◆ What is needed ◆
The listing that follows must be retyped exactly, without its pictures.

◆ Information provided ◆
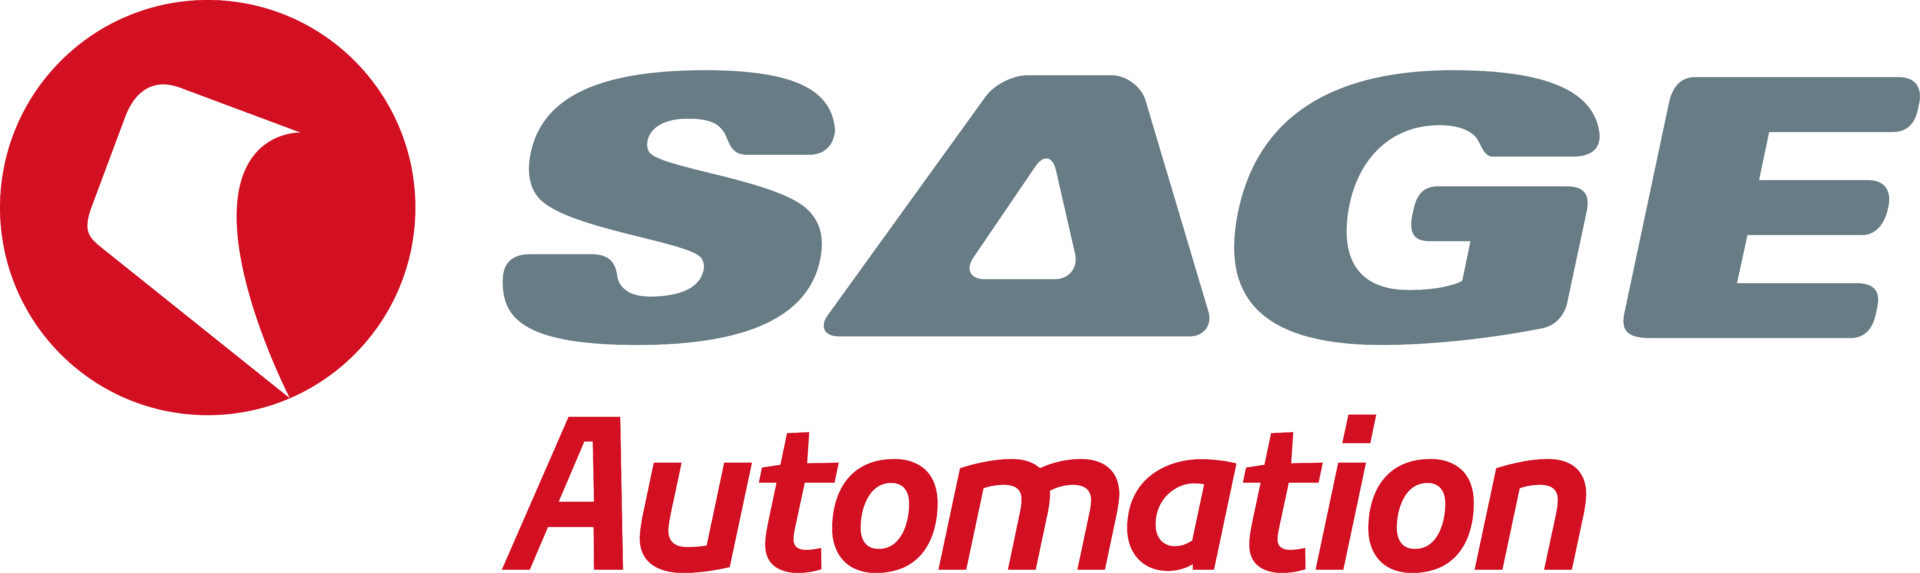 SAGE Automation - Logo
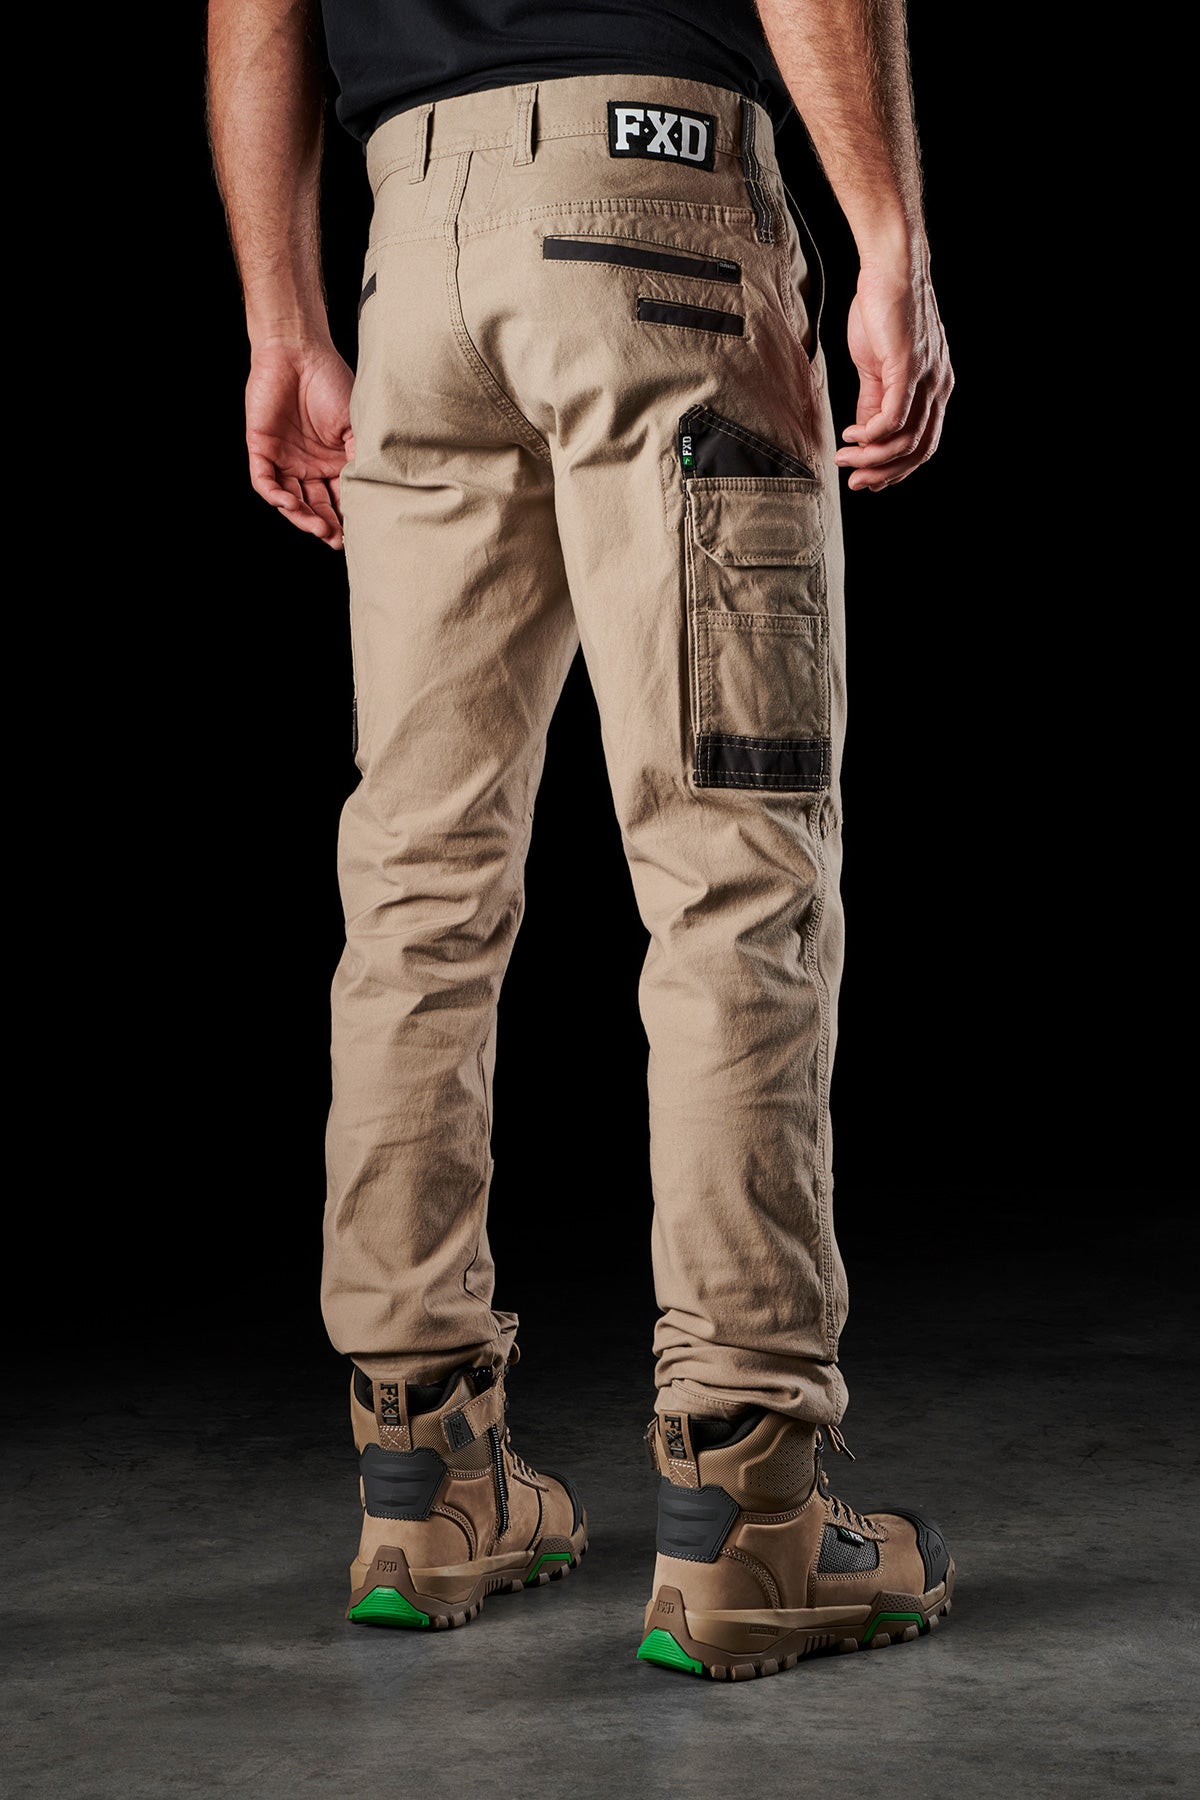 FXD Cargo Work Pants, Workwear Pants in Australia
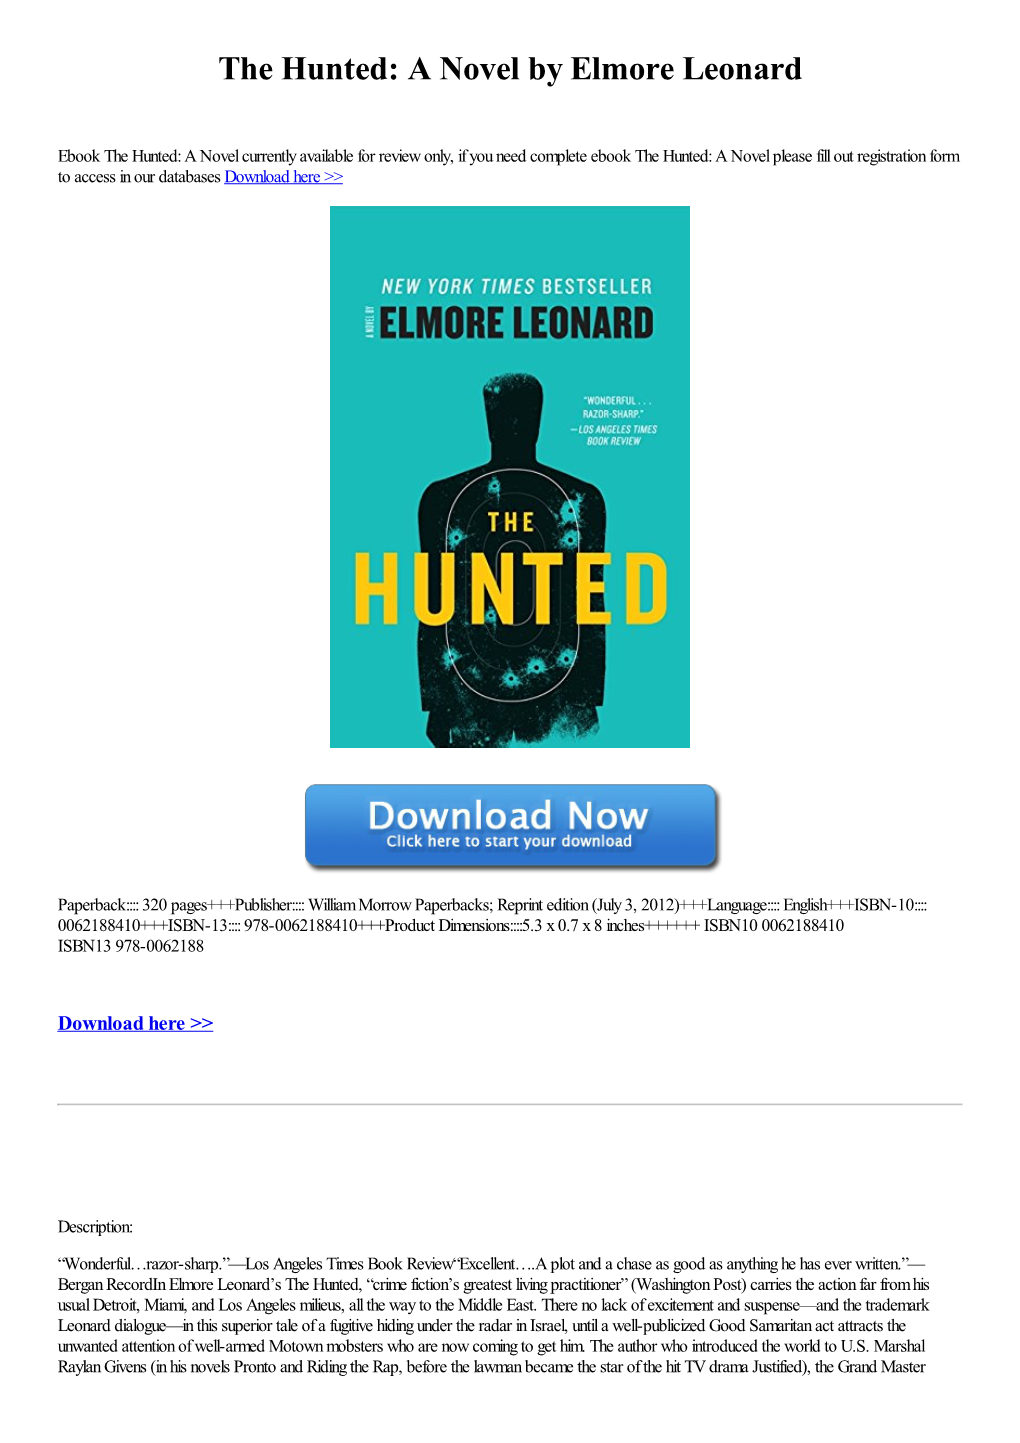 The Hunted: a Novel by Elmore Leonard

◆ Result below ◆
 SAGE Automation - Logo
 FXD Cargo Work Pants, Workwear Pants in Australia
 The Hunted: a Novel by Elmore Leonard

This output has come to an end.